The Company accounts for income taxes using the asset and liability method. Under the asset and liability method, deferred tax assets and liabilities are recognized for the future tax consequences attributed to differences between the financial statement carrying amounts of existing assets and liabilities and their respective tax bases and tax credits and loss carry-forwards. Deferred tax assets and liabilities are measured using enacted tax rates expected to apply to taxable income in the years in which those temporary differences and carry-forwards are expected to be recovered or settled. The effect on deferred tax assets and liabilities of a change in tax rates is recognized in income in the period that includes the enactment date. A valuation allowance is established when necessary to reduce deferred tax assets to amounts expected to be realized. The Company reports a liability for unrecognized tax benefits resulting from uncertain income tax positions, if any, taken or expected to be taken in an income tax return. Estimated interest and penalties are recorded as a component of interest expense or other expense, respectively.

 

Business segments

 

ASC 280, “Segment Reporting” requires use of the “management approach” model for segment reporting. The management approach model is based on the way a company’s management organizes segments within the company for making operating decisions and assessing performance. The Company determined it has one operating segment.

 

Recent Accounting Pronouncements

 

From time to time, new accounting pronouncements are issued by FASB that are adopted by the Company as of the specified effective date. If not discussed, management believes that the impact of recently issued standards, which are not yet effective, will not have a material impact on the Company’s financial statements upon adoption.

NOTE 3 – Debt – Related Party

 

On January 18, 2017, the Company entered into a Revolving Demand Note (the “Revolving Demand Note”) with Securities Compliance Group, Ltd. (the “Creditor”). Pursuant the Revolving Demand Note, the Company borrowed $25,000 at an annual interest rate of 9.5% with a default rate of 22%. The Revolving Demand Note may be converted into common stock at an exercise price of par, or $0.001 per share at the discretion of the Creditor.
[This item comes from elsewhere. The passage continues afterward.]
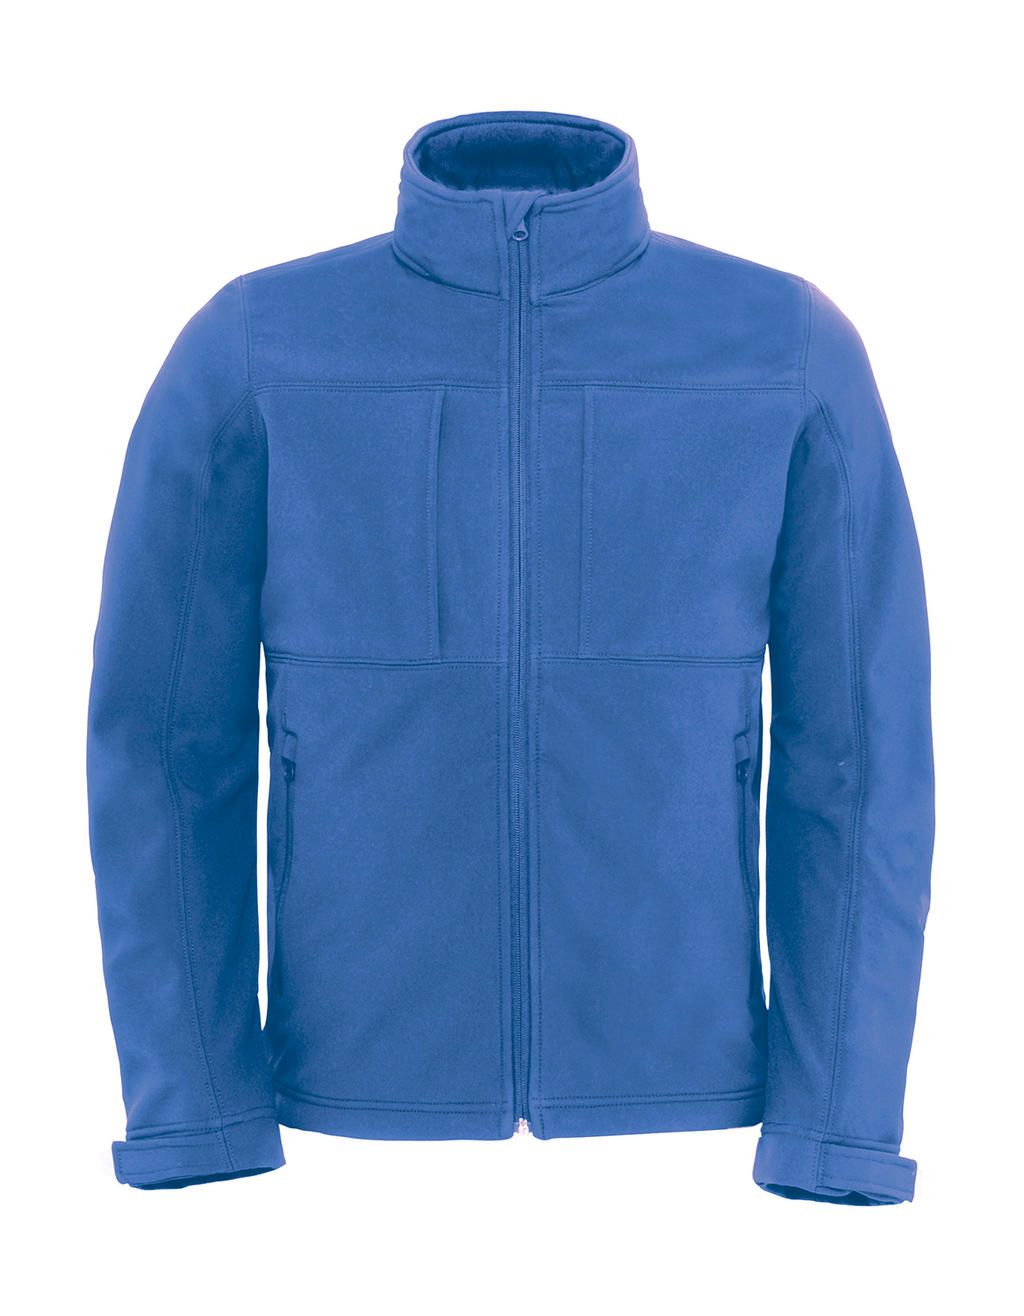 Pánská bunda Softshell Hooded Softshell/men - zvìtšit obrázek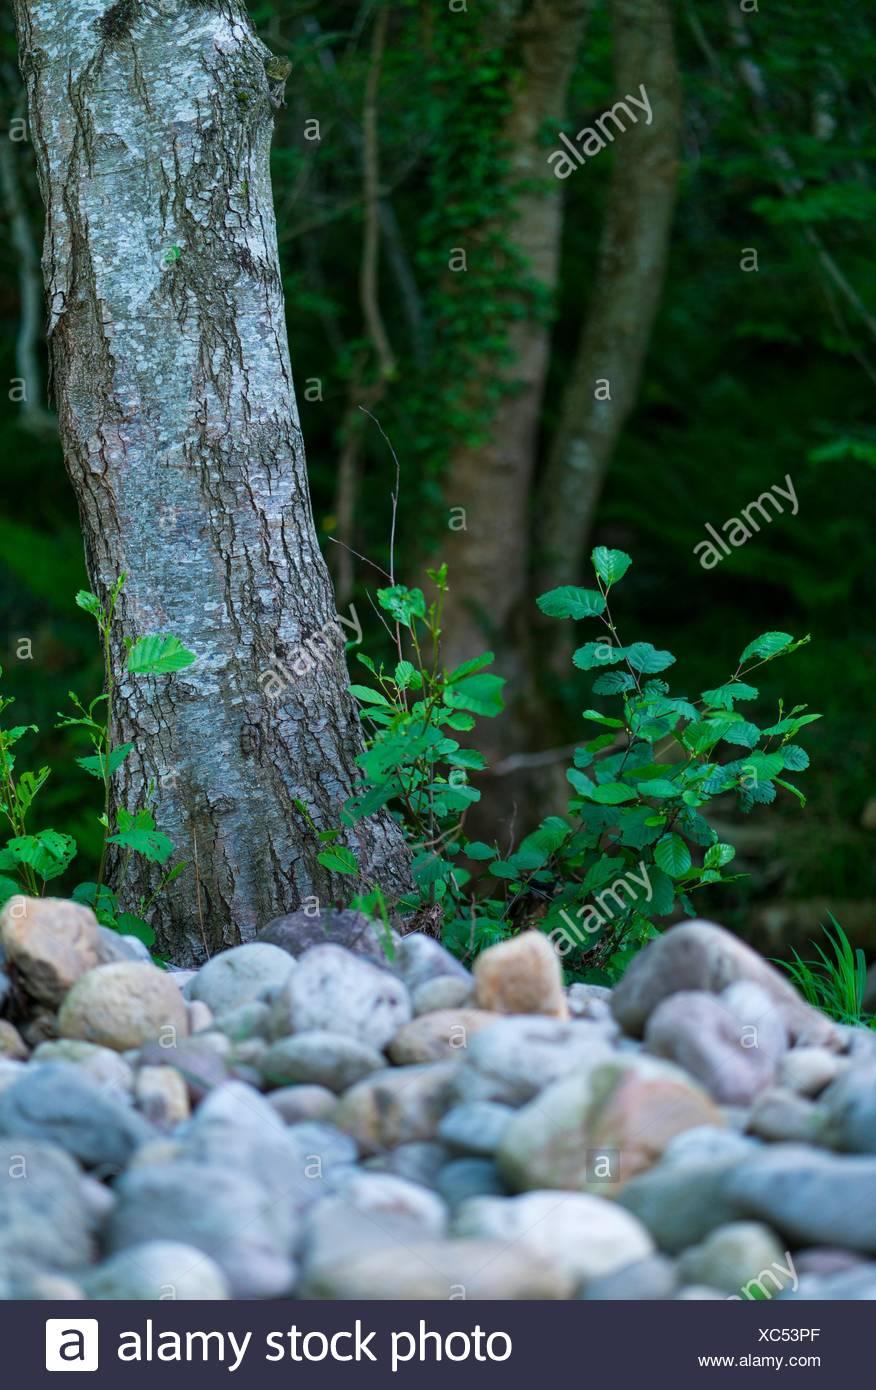 ALDER - ALISO (Alnus glutinosa), the common alder, black alder, European alder or just alder, is a species of tree in the family Betulaceae, native - Stock Image

The Revolving Demand Note does not have a maturity date. The debt discount attributable to the fair value of the beneficial conversion feature amounted to $17,500 and was accreted on the date of issuance due to no maturity date of the Revolving Demand Note.

 

Prior to the Company filing the Form 10 General Form for Registration of Securities on February 5, 2019, this revolving demand note was acquired by European Trade Partners, LLC as part of the change in majority ownership. European Trade Partners, LLC is a related party under the control of Lisa Averbuch, the Company’s major shareholder, member of the board of directors and president.

 

European Trade Partners, LLC has advanced the corporation an additional amount of $58,500 as of March 31, 2019 and an additional $20,669 through December 2019. The advances bear no interest and are payable on demand.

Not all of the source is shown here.